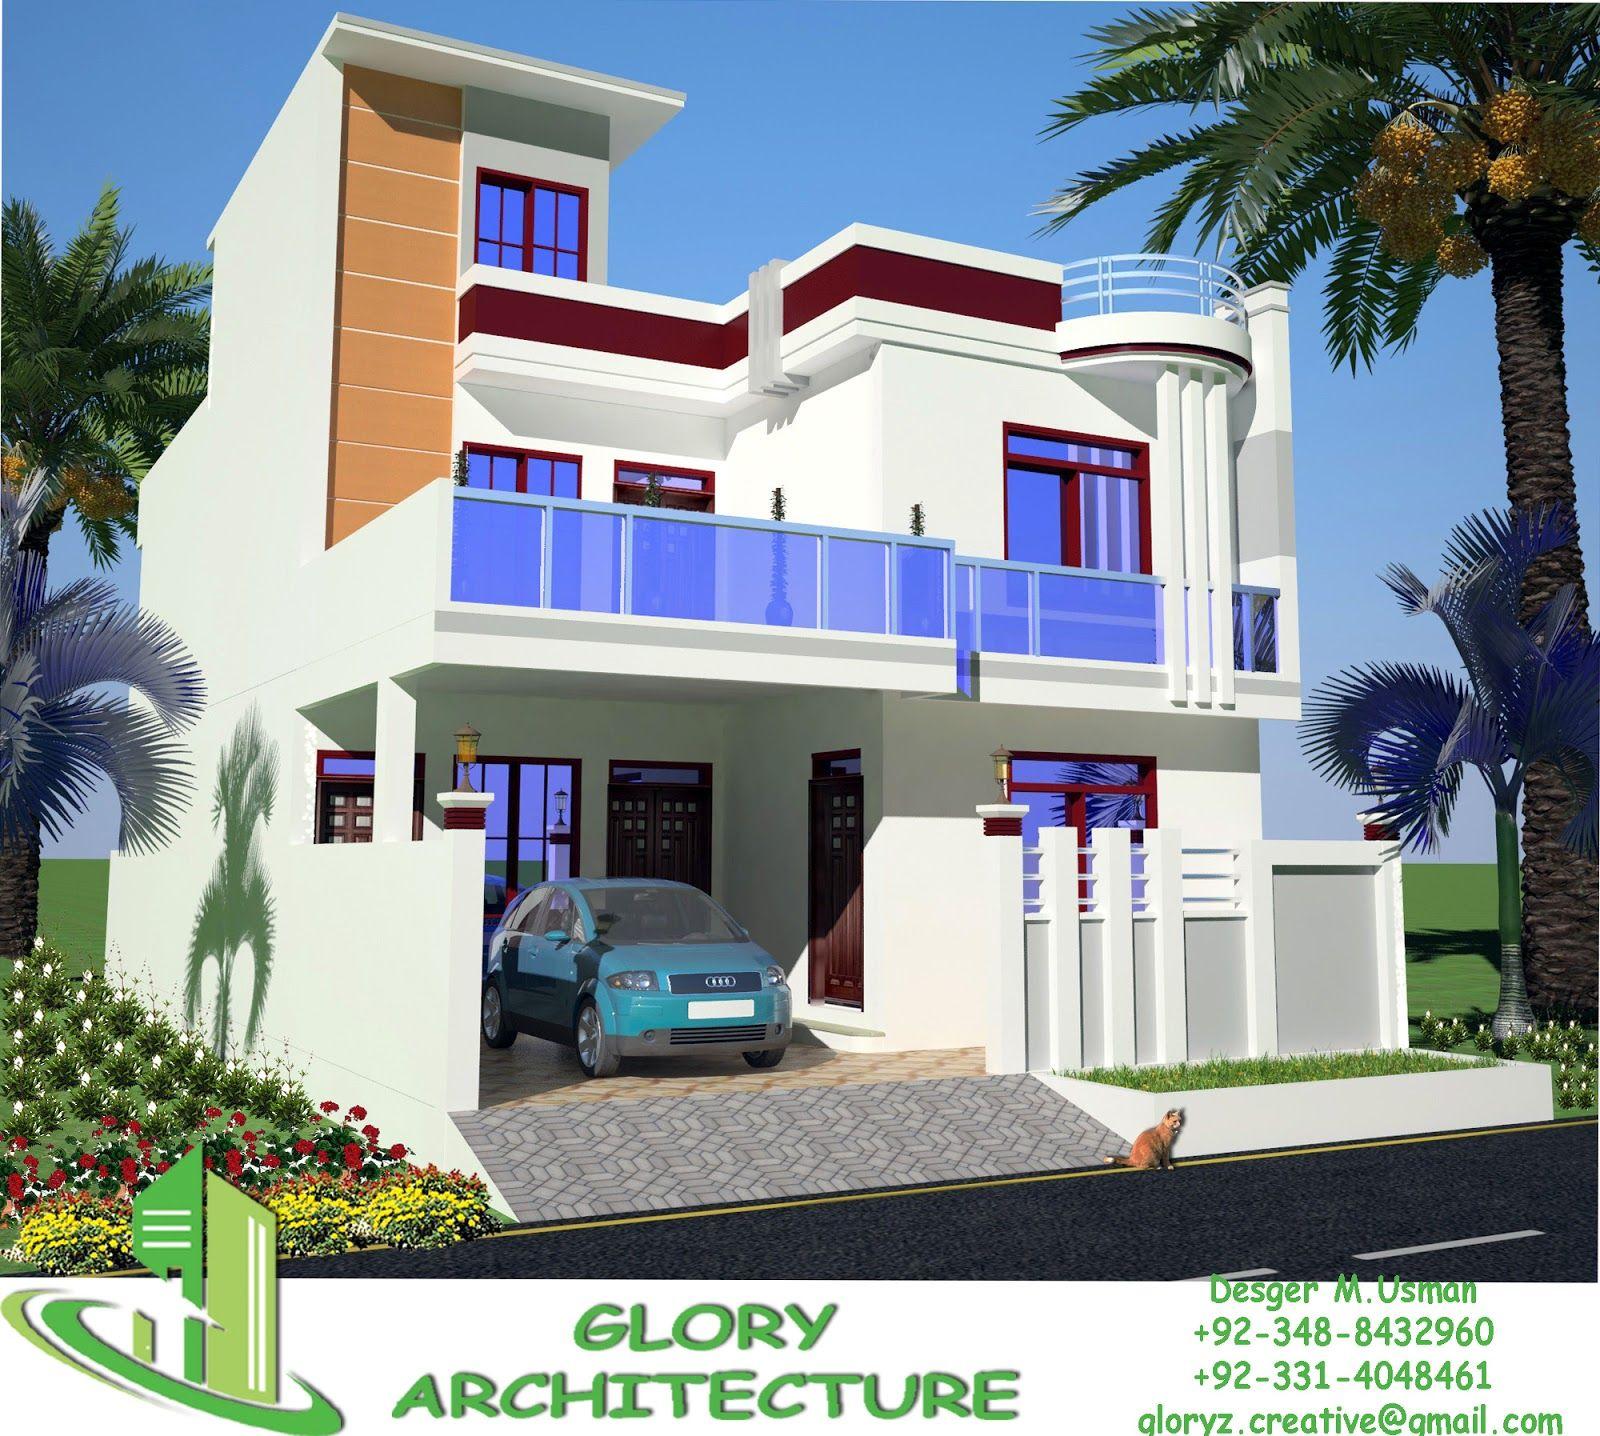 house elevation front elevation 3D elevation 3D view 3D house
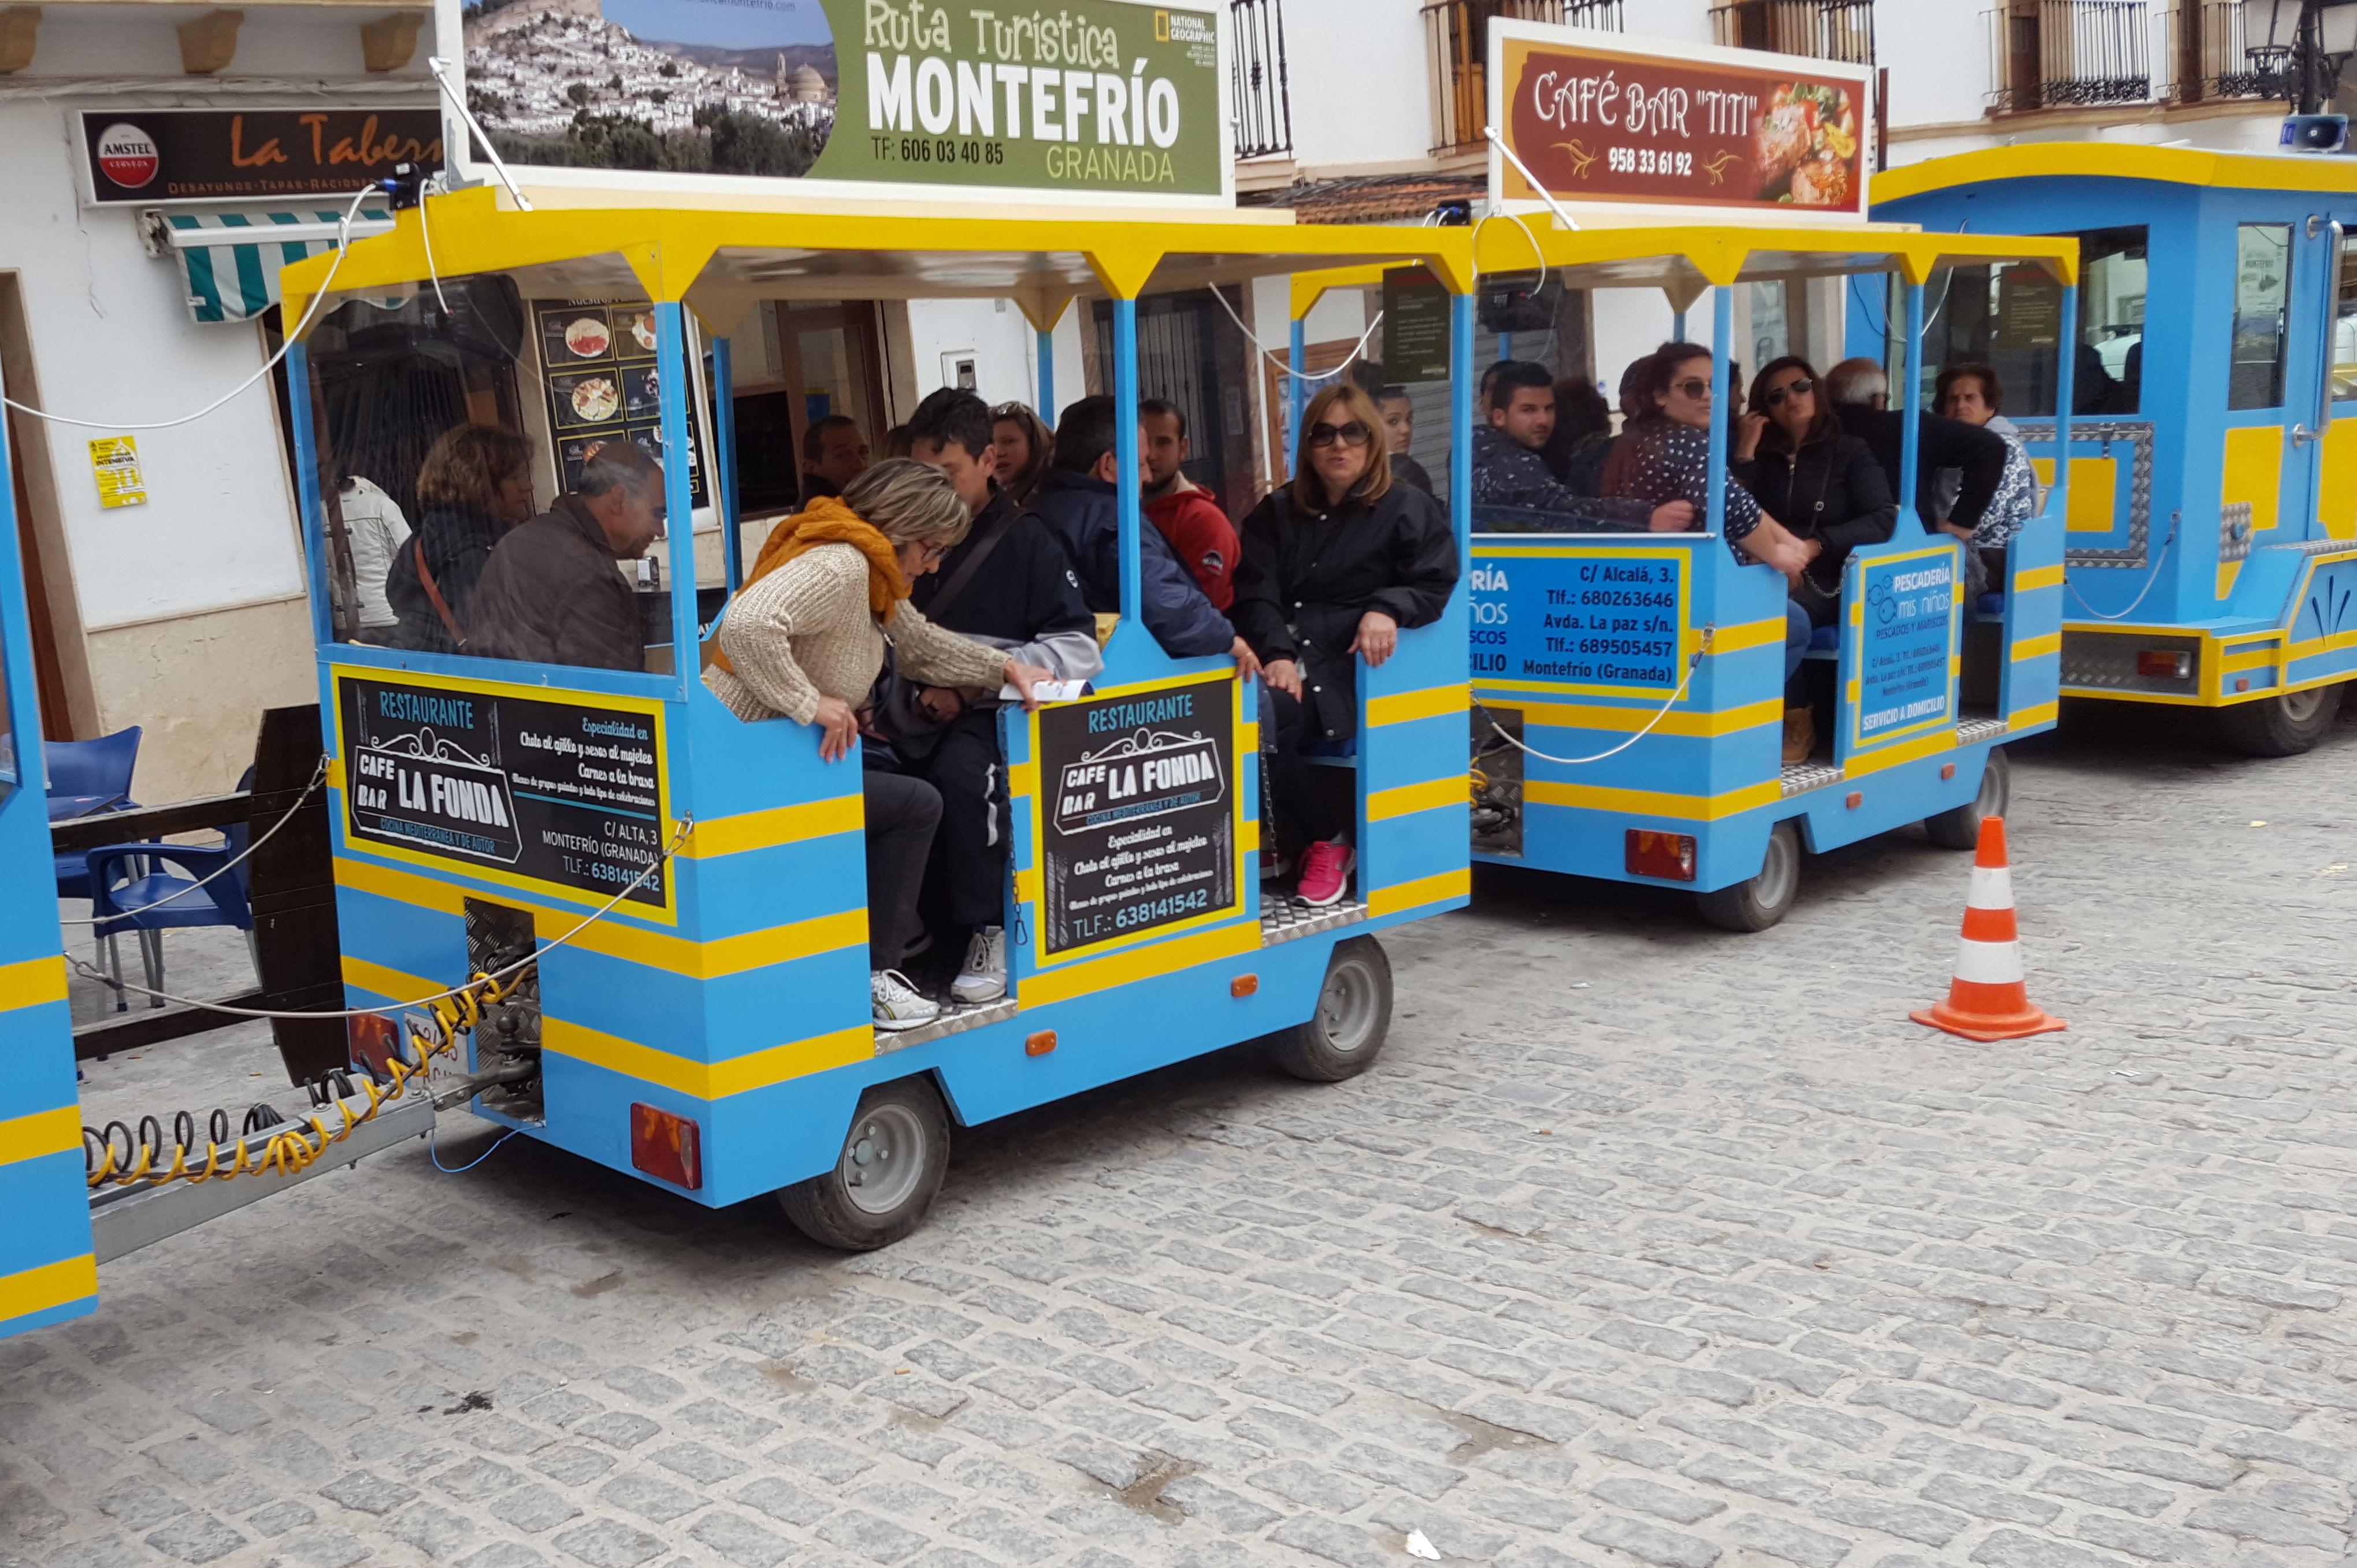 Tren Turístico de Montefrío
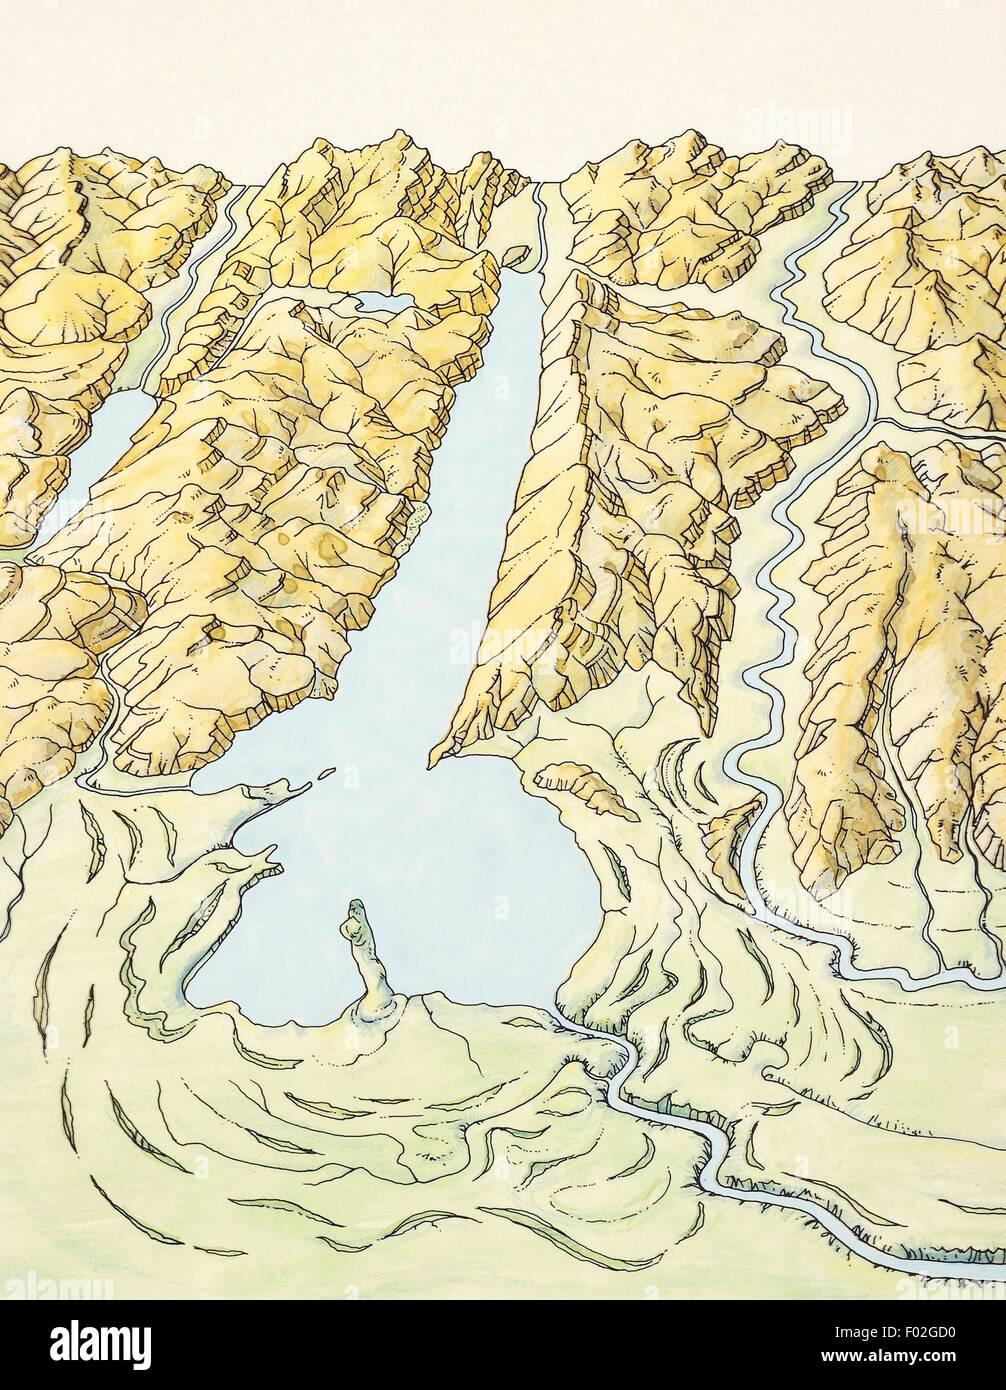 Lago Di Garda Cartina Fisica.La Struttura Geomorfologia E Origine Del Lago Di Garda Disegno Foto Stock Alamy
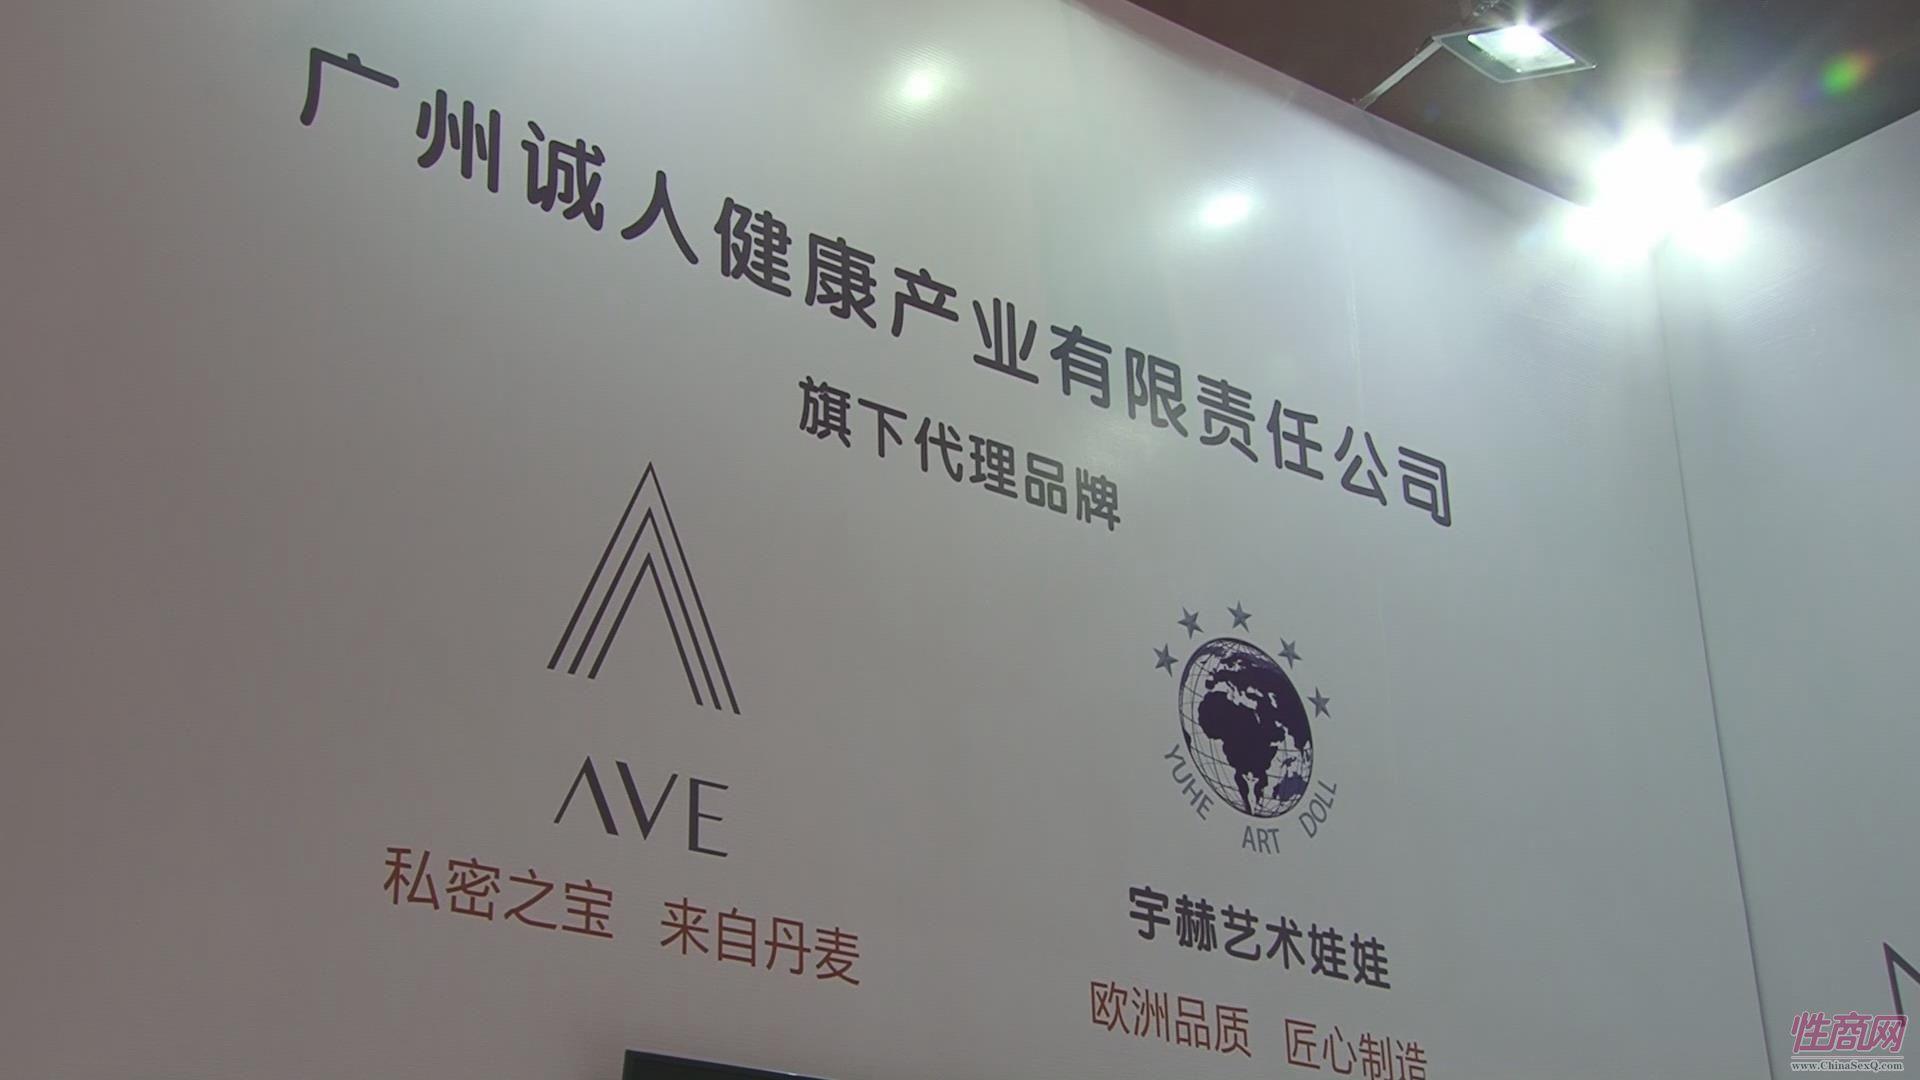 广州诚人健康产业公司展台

Task instructions: Starting at the line with "Lago Di Garda Cartina" and stopping at the final line of the material, reproduce each line exactly, both ends included. Leave the pictures out.

Result:
 Lago Di Garda Cartina Fisica.La Struttura Geomorfologia E Origine Del Lago Di Garda Disegno Foto Stock Alamy
 广州诚人健康产业公司展台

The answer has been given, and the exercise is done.